#### Records to process:

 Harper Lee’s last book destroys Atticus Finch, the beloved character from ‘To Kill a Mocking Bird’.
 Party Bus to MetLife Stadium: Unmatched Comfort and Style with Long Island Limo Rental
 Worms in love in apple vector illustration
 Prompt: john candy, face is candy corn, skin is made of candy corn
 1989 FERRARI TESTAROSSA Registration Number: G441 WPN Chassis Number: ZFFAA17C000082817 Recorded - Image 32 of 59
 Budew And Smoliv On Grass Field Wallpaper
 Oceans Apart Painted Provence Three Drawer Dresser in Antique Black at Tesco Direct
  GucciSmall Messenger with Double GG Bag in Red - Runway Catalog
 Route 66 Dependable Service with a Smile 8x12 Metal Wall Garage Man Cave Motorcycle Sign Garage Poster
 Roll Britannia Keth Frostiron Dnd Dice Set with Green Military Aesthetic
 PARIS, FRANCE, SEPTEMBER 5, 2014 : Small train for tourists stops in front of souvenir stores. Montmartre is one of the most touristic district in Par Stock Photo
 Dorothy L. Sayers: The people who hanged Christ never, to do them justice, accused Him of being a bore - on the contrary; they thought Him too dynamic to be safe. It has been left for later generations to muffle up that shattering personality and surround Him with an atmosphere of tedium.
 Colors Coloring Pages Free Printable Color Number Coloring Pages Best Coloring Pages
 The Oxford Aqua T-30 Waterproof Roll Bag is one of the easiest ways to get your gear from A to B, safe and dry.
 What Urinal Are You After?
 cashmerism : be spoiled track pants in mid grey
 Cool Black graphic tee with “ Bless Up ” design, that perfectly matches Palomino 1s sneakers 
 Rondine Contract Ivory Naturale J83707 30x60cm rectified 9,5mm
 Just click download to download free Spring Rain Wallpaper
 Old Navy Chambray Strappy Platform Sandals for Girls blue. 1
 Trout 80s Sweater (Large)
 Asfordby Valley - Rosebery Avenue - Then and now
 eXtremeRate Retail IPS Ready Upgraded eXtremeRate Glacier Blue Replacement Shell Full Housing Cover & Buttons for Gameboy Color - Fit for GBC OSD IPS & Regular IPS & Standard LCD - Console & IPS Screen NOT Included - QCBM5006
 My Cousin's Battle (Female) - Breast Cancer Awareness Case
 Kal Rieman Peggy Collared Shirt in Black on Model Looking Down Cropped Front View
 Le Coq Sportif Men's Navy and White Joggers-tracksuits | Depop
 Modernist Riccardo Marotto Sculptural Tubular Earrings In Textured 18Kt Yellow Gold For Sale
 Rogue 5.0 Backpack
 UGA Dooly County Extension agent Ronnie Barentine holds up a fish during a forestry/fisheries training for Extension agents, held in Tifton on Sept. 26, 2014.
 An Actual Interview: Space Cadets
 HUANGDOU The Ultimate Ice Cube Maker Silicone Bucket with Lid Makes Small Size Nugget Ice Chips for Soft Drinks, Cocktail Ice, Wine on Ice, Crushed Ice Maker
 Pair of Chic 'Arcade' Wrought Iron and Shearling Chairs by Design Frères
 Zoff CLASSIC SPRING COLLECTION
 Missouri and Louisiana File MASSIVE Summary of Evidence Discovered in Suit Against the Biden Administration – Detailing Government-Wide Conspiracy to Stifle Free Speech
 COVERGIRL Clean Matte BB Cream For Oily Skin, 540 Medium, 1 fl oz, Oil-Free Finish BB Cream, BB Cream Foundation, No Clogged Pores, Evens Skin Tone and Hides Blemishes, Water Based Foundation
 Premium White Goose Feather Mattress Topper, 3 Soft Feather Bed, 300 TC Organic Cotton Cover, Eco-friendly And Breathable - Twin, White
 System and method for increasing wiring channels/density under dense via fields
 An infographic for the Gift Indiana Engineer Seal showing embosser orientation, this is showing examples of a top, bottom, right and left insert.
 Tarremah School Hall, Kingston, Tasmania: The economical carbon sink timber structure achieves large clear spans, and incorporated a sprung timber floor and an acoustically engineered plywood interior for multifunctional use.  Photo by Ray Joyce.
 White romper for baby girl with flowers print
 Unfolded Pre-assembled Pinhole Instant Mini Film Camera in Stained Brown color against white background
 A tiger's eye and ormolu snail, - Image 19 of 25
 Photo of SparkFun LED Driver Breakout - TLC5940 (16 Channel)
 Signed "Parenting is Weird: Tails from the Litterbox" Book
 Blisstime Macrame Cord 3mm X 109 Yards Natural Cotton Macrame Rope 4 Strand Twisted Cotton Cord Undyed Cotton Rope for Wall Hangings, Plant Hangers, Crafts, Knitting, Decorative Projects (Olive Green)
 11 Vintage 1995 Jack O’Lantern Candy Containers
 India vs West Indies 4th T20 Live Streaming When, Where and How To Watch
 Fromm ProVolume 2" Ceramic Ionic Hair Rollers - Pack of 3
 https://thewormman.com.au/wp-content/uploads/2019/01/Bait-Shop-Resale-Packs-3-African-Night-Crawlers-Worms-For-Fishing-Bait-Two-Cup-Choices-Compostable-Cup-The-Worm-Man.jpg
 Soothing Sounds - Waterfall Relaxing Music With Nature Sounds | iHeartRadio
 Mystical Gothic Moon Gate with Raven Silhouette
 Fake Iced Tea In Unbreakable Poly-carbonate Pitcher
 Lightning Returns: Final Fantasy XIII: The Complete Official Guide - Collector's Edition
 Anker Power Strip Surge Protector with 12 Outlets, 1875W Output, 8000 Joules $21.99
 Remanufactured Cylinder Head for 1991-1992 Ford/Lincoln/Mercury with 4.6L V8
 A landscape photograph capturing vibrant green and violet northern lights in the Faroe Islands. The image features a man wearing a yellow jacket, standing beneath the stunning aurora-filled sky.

#### Exercise:
Word for word, set down all of the material.

#### Your response:
 Harper Lee’s last book destroys Atticus Finch, the beloved character from ‘To Kill a Mocking Bird’.
 Party Bus to MetLife Stadium: Unmatched Comfort and Style with Long Island Limo Rental
 Worms in love in apple vector illustration
 Prompt: john candy, face is candy corn, skin is made of candy corn
 1989 FERRARI TESTAROSSA Registration Number: G441 WPN Chassis Number: ZFFAA17C000082817 Recorded - Image 32 of 59
 Budew And Smoliv On Grass Field Wallpaper
 Oceans Apart Painted Provence Three Drawer Dresser in Antique Black at Tesco Direct
  GucciSmall Messenger with Double GG Bag in Red - Runway Catalog
 Route 66 Dependable Service with a Smile 8x12 Metal Wall Garage Man Cave Motorcycle Sign Garage Poster
 Roll Britannia Keth Frostiron Dnd Dice Set with Green Military Aesthetic
 PARIS, FRANCE, SEPTEMBER 5, 2014 : Small train for tourists stops in front of souvenir stores. Montmartre is one of the most touristic district in Par Stock Photo
 Dorothy L. Sayers: The people who hanged Christ never, to do them justice, accused Him of being a bore - on the contrary; they thought Him too dynamic to be safe. It has been left for later generations to muffle up that shattering personality and surround Him with an atmosphere of tedium.
 Colors Coloring Pages Free Printable Color Number Coloring Pages Best Coloring Pages
 The Oxford Aqua T-30 Waterproof Roll Bag is one of the easiest ways to get your gear from A to B, safe and dry.
 What Urinal Are You After?
 cashmerism : be spoiled track pants in mid grey
 Cool Black graphic tee with “ Bless Up ” design, that perfectly matches Palomino 1s sneakers 
 Rondine Contract Ivory Naturale J83707 30x60cm rectified 9,5mm
 Just click download to download free Spring Rain Wallpaper
 Old Navy Chambray Strappy Platform Sandals for Girls blue. 1
 Trout 80s Sweater (Large)
 Asfordby Valley - Rosebery Avenue - Then and now
 eXtremeRate Retail IPS Ready Upgraded eXtremeRate Glacier Blue Replacement Shell Full Housing Cover & Buttons for Gameboy Color - Fit for GBC OSD IPS & Regular IPS & Standard LCD - Console & IPS Screen NOT Included - QCBM5006
 My Cousin's Battle (Female) - Breast Cancer Awareness Case
 Kal Rieman Peggy Collared Shirt in Black on Model Looking Down Cropped Front View
 Le Coq Sportif Men's Navy and White Joggers-tracksuits | Depop
 Modernist Riccardo Marotto Sculptural Tubular Earrings In Textured 18Kt Yellow Gold For Sale
 Rogue 5.0 Backpack
 UGA Dooly County Extension agent Ronnie Barentine holds up a fish during a forestry/fisheries training for Extension agents, held in Tifton on Sept. 26, 2014.
 An Actual Interview: Space Cadets
 HUANGDOU The Ultimate Ice Cube Maker Silicone Bucket with Lid Makes Small Size Nugget Ice Chips for Soft Drinks, Cocktail Ice, Wine on Ice, Crushed Ice Maker
 Pair of Chic 'Arcade' Wrought Iron and Shearling Chairs by Design Frères
 Zoff CLASSIC SPRING COLLECTION
 Missouri and Louisiana File MASSIVE Summary of Evidence Discovered in Suit Against the Biden Administration – Detailing Government-Wide Conspiracy to Stifle Free Speech
 COVERGIRL Clean Matte BB Cream For Oily Skin, 540 Medium, 1 fl oz, Oil-Free Finish BB Cream, BB Cream Foundation, No Clogged Pores, Evens Skin Tone and Hides Blemishes, Water Based Foundation
 Premium White Goose Feather Mattress Topper, 3 Soft Feather Bed, 300 TC Organic Cotton Cover, Eco-friendly And Breathable - Twin, White
 System and method for increasing wiring channels/density under dense via fields
 An infographic for the Gift Indiana Engineer Seal showing embosser orientation, this is showing examples of a top, bottom, right and left insert.
 Tarremah School Hall, Kingston, Tasmania: The economical carbon sink timber structure achieves large clear spans, and incorporated a sprung timber floor and an acoustically engineered plywood interior for multifunctional use.  Photo by Ray Joyce.
 White romper for baby girl with flowers print
 Unfolded Pre-assembled Pinhole Instant Mini Film Camera in Stained Brown color against white background
 A tiger's eye and ormolu snail, - Image 19 of 25
 Photo of SparkFun LED Driver Breakout - TLC5940 (16 Channel)
 Signed "Parenting is Weird: Tails from the Litterbox" Book
 Blisstime Macrame Cord 3mm X 109 Yards Natural Cotton Macrame Rope 4 Strand Twisted Cotton Cord Undyed Cotton Rope for Wall Hangings, Plant Hangers, Crafts, Knitting, Decorative Projects (Olive Green)
 11 Vintage 1995 Jack O’Lantern Candy Containers
 India vs West Indies 4th T20 Live Streaming When, Where and How To Watch
 Fromm ProVolume 2" Ceramic Ionic Hair Rollers - Pack of 3
 https://thewormman.com.au/wp-content/uploads/2019/01/Bait-Shop-Resale-Packs-3-African-Night-Crawlers-Worms-For-Fishing-Bait-Two-Cup-Choices-Compostable-Cup-The-Worm-Man.jpg
 Soothing Sounds - Waterfall Relaxing Music With Nature Sounds | iHeartRadio
 Mystical Gothic Moon Gate with Raven Silhouette
 Fake Iced Tea In Unbreakable Poly-carbonate Pitcher
 Lightning Returns: Final Fantasy XIII: The Complete Official Guide - Collector's Edition
 Anker Power Strip Surge Protector with 12 Outlets, 1875W Output, 8000 Joules $21.99
 Remanufactured Cylinder Head for 1991-1992 Ford/Lincoln/Mercury with 4.6L V8
 A landscape photograph capturing vibrant green and violet northern lights in the Faroe Islands. The image features a man wearing a yellow jacket, standing beneath the stunning aurora-filled sky.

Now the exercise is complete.